🤖 AI Summary
This study investigates whether prompt engineering alone can approach the performance of fine-tuned large language models on Ukrainian minimal-edit grammatical error correction (GEC). We systematically evaluate twelve large language models—including eleven commercial systems and one open-source Ukrainian-specific model—using zero-shot and few-shot prompting, minimal-edit constraints, and model-assisted prompt optimization, enhanced with linguistically informed instructions grounded in Ukrainian grammar. Our work provides the first comprehensive validation of prompt engineering’s efficacy for Ukrainian GEC, revealing its strong dependence on prompt language and identifying five distinct overcorrection patterns tied to Ukrainian linguistic characteristics. The best-performing configuration, Gemini 1.5 Pro, achieves an F0.5 score of 69.22 on the UNLP 2023 benchmark, closing over 90% of the performance gap with the current fine-tuned state-of-the-art model.
📝 Abstract
Fine-tuned Large Language Models (LLMs) dominate in Ukrainian grammatical error correction (GEC), while API-accessed LLMs remain nearly untested on minimal-edit benchmarks. We evaluate 11 commercial LLMs from four providers and one open-source Ukrainian model on the UNLP 2023 GEC-only benchmark, comparing zero-shot, few-shot, minimal-edits, and LLM-assisted prompt optimization strategies.
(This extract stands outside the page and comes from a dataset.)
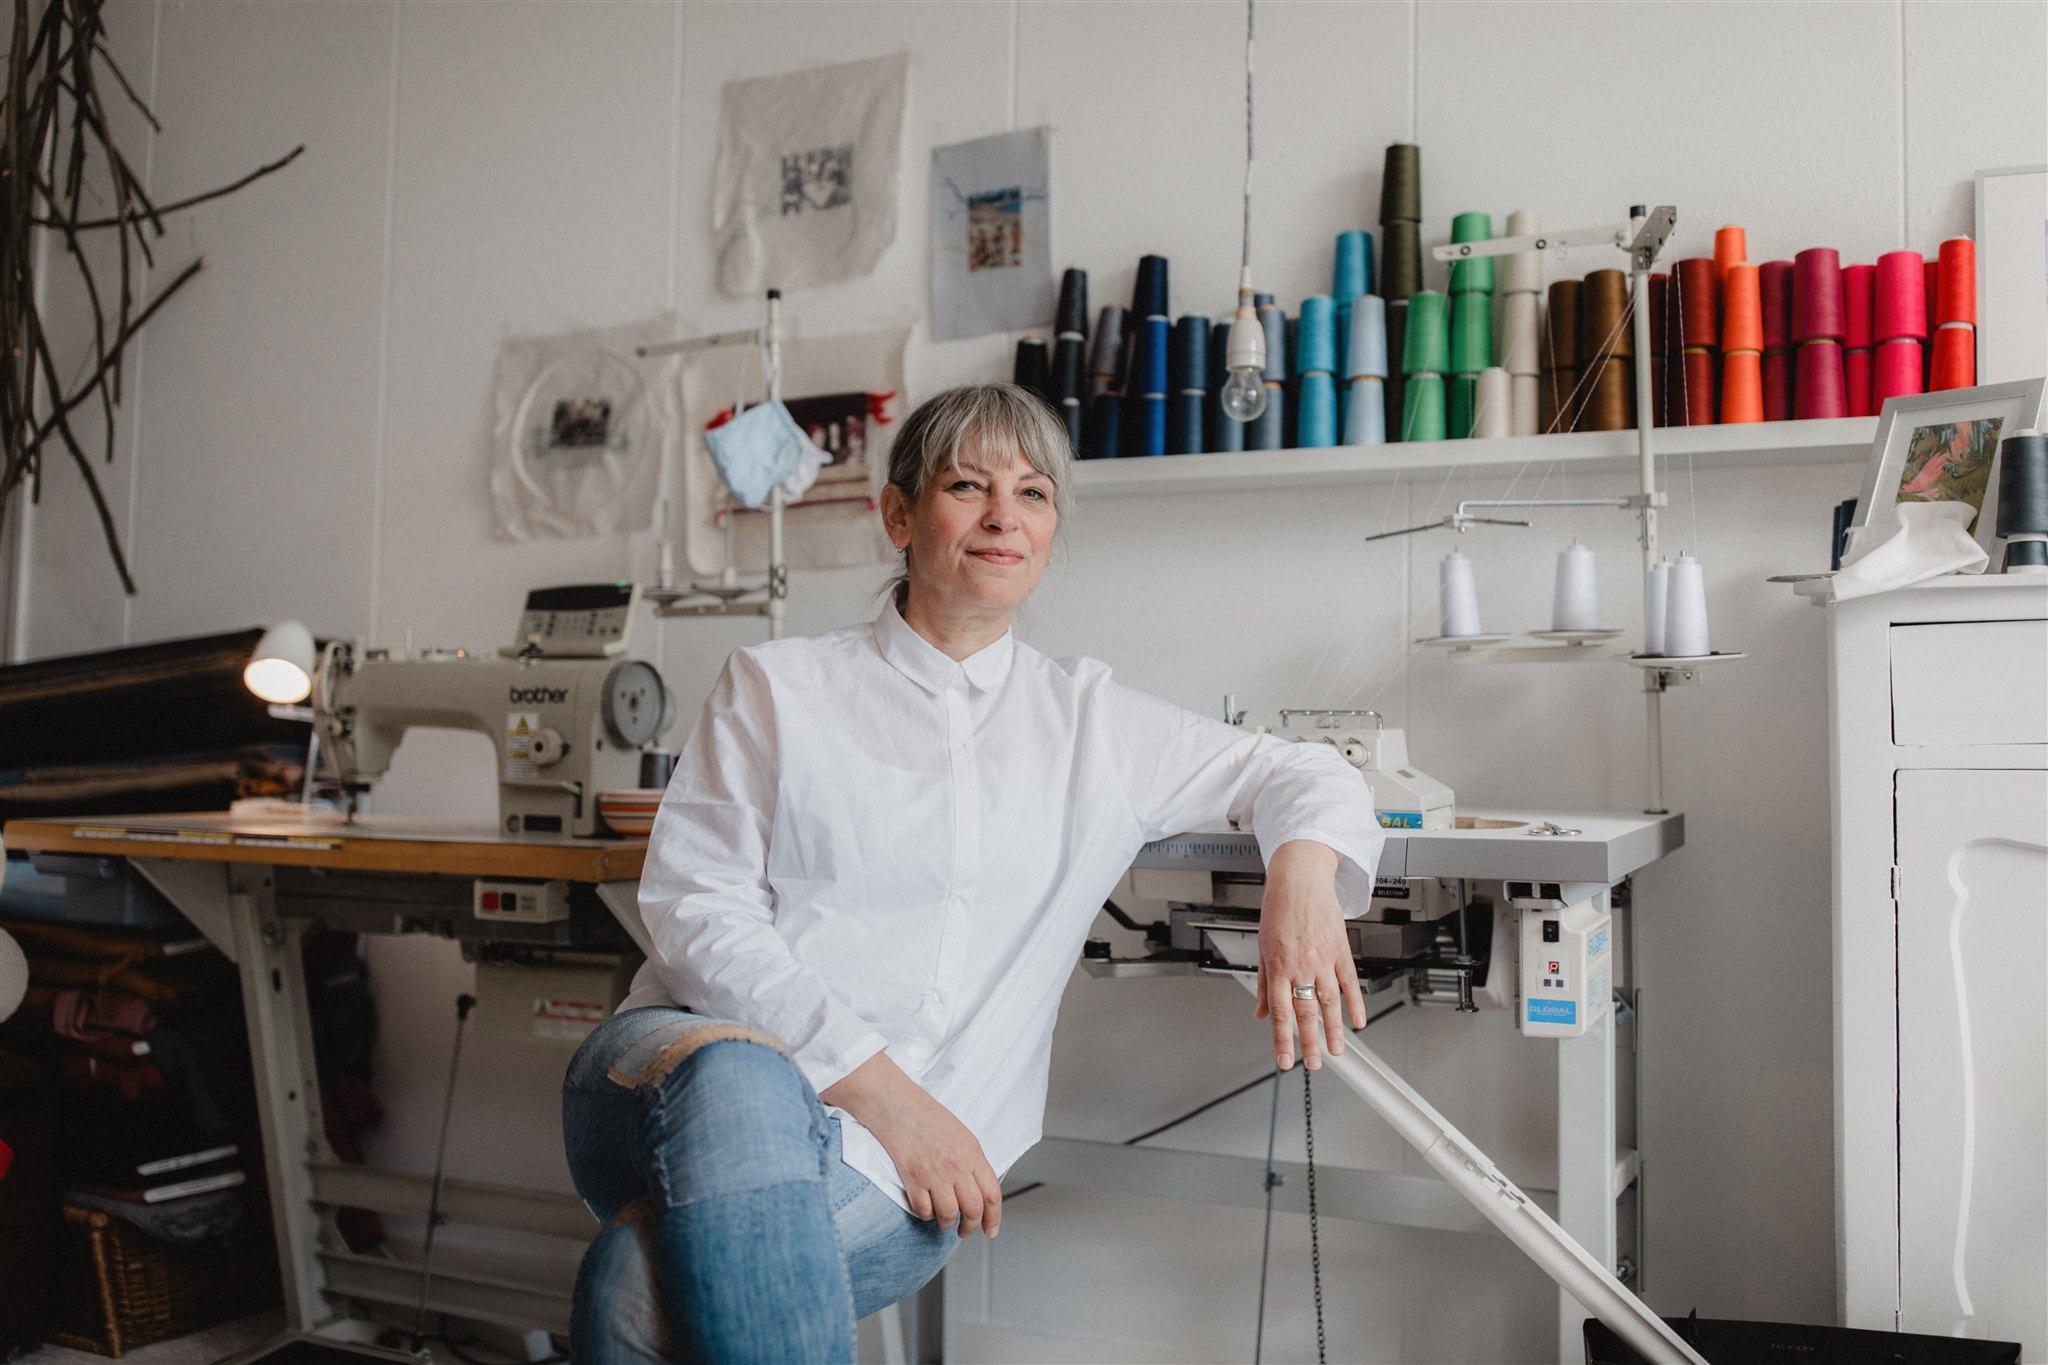 Giny Janmaat maakt in haar zero-waste atelier kleding van restmaterialen. 'Zo valt de ik-heb-niks-om-aan-te-trekken stress weg'

Our best configuration (Gemini 3.1-Pro) reaches F0.5=69.22, closing over 90% of the gap to fine-tuned SOTA (F0.5=73.14). For zero-shot prompts, only Claude models benefit from Ukrainian instructions. However, the best overall results for all models use Ukrainian minimal-edits prompts, whose language-specific rules require Ukrainian to express precisely. LLM-assisted prompt optimization on top of minimal-edits + few-shot achieves the highest score. Detailed minimal-edits instructions yield the largest gains for punctuation and case errors but cause the model to abandon several low-frequency categories. Delving into error analysis, we identify five recurring overcorrection patterns tied to Ukrainian-specific linguistic phenomena. Code, prompts, and outputs are publicly available.